Akshay Chandra Chowdhury was born in the affluent Chowdhury family of Andul, belonging to Bharadvaja clan. He was the youngest son of Mihir Chandra Chowdhury. He had earned his M.A. degree in English literature from Presidency College of Calcutta. He was a lawyer by profession.

== Major works ==
Akshay was a noted contributor to the Bharati newspaper and also editor for some time. His first poem, Bharat, was published in 1868. His long poem, Bharat Gatha, narrating the history of India from ancient times up to Sepoy Mutiny, was published in 1895. However, his longest poem Udasini, published in 1875, earned him considerable recognition and praise.

Akshay was married to Sarat Kumari (Basu) Chowdhurani, who was also a poet and journalist.
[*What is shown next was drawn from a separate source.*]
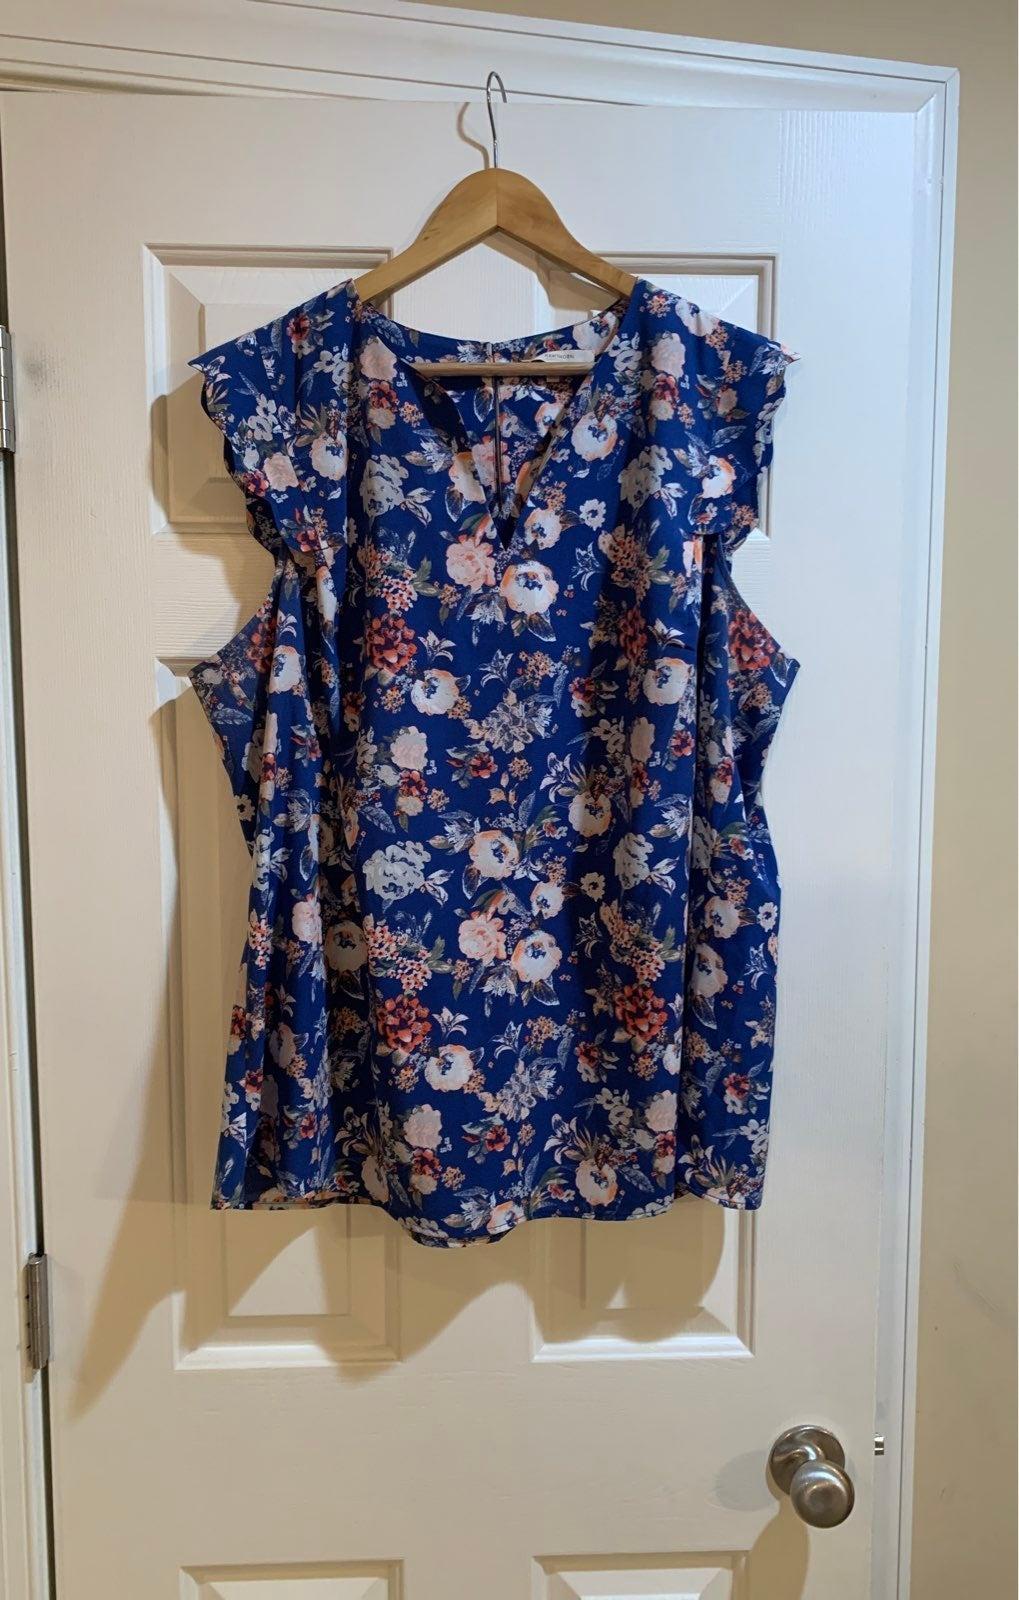 41 Hawthorn floral sleeveless top

== Connection with the Tagore family ==
Akshay was Jyotirindranath Tagore's classmate in Hindu School. Jyotirindranath was the elder brother of Rabindranath Tagore.

Rabindranath loved to discuss high level literature with Akshay. Both Akshay and his wife participated in literary discussions that were held in a garden of the Thakur Bari; the garden was later named Nandan Kanan by Akshay.

Rabindranath Tagore referred to help received from Akshay in his own book titled My Reminiscences.